Portuguese seafood stew with extra vegetables, because I had them. Namely carrots, celery and kale and parsley from my balcony (aka the climate change farm).
Well, I had a bag of potatoes (about to go bad), 1 chicken breast, a can of white nacho cheese sauce and a can of peas. Hmmm… what to do?? I know!! I’ll make soup.
I present to you tonight’s dinner – Potato Chicken Cheese Pea soup. Sunshine really enjoyed this concoction. So I guess it was a success??
This happens to me right around the same time I get tired of my sweaters… Should be any day now…!
I love salmon and lentils. This was just me trying a different recipe than my go-to recipe for this dish.
Fresca garlic-herb chicken sausages with fried peppers and onions. Quick and easy after a Rangers win.
A dram of Bourbon with.
Fresca? Really? Is this like a coca cola marinade? How vintage
Junkfish soup with tomato, white beans, and Spanish EVOO. “Junkfish” is my term for the $3.99/lb white fish trim that the local fishmonger sells (Tokyo Fish in Berkeley). I have no idea what the actual fish is.
HahaHAH!
- Would you like a little salad with your bacon, Sirs or Mesdames?
small but mighty!
what a great idea, i’m going to have to hit up Tokyo Fish for some of that too…
They have salmon trim at $9/lb, and sometimes halibut trim at $13 and catfish trim at $7. Also “grilling cubes”, which I guess are tuna, sea bass, other firm fish.
I think a little bacon might have improved it.
Dinner last night was a combo of good news / bad news / gooder news.
Good news: Oldest daughter and SIL (with our new Grandson!) are planning to move close to here. SIL has been doing phone interviews with several local firms. He was here yesterday for final, in-person interviews. D1 is still on maternity leave and probably won’t start looking for work here for another month.
Bad news: I was chauffeur and after the last one we dined at a highly rated (4.7 stars, 2000+ Google reviews) Cuban place. I ordered picadillo, one of my home-cook favorites. I know it varies considerably across and even within countries… but what I got was a watery, somewhat tomato flavored ground beef. No evidence of green peppers, onion, garlic, olives, capers, raisins, cumin, oregano. Zip. The “Cuban black beans” were just canned beans, no other flavors. Not planning to go back…
Gooder News: Each of the 3 firms indicated by the end of the day (before we’d finished dinner) that they were putting an offer together for him. News worth suffering mediocre food.
Well this is a good excuse to go out for a nice dinner again. To celebrate the SIL’s new job and to make up for the not-so-good one you just had. (And congrats to everyone all round for new jobs and having family closer.)

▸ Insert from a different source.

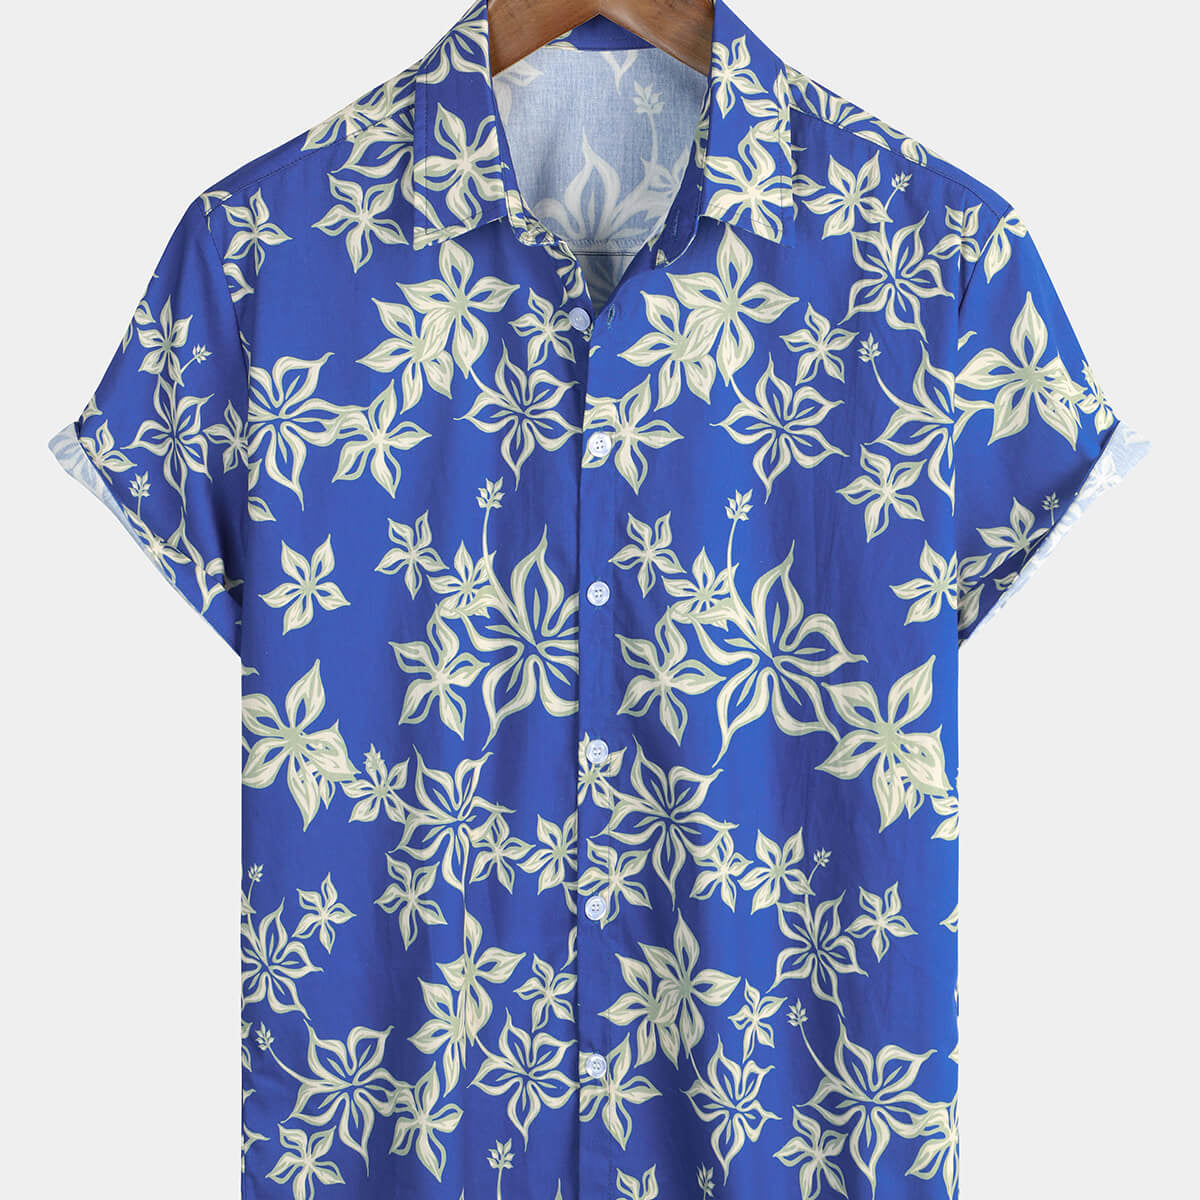 Men's Blue Floral Hawaiian Aloha 100% Cotton Vacation Shirt

Dinner out with a friend at “Tomato & Onion”, a Japanese “family restaurant” chain which is part of the ubiquitous “Skylark” chain (of which “Gusto” is the most common.).
The chain specializes in “hamburg”, which is what Americans would call “salisbury steak” or “chopped steak”. I had intended to order something like that, but an order of “stir fried chicken and vegetables (carrots, lotus root, eggplant, kabocha squash and snap peas) in a black vinegar sauce” caught my eye. It tasted like a Japanese riff on sweet & sour chicken and was surprisingly good, especially for a chain restaurant.
I needed rice with this and ordered a “set” of rice, miso soup, daikon pickles, a small bowl of some vegetables in a blend of various Japanese sauces and an AYCE of one of this restaurant’s signature dishes, “black curry”. Whatever vegetables and/or protein had typically melted down into the curry which was spicy, but not “hot”. The curry at their sister restaurant “Gusto” is quite bad and I was expecting something similar and was VERY happy to be proven wrong about that…so much so that I had TWO bowls of it!
The cost for this was ¥1209/USD $8.17, but my friend kindly treated me to the meal from a gift card her father had as he’s a Skylark stockholder.
I could have eaten another bowl of that curry, but wisely decided not to. I tend to avoid Japanese “family restaurants” (which are basically like “Denny’s” in the US) because their food generally ranges from bad to mediocre, but this meal was good enough that I’ll go back again.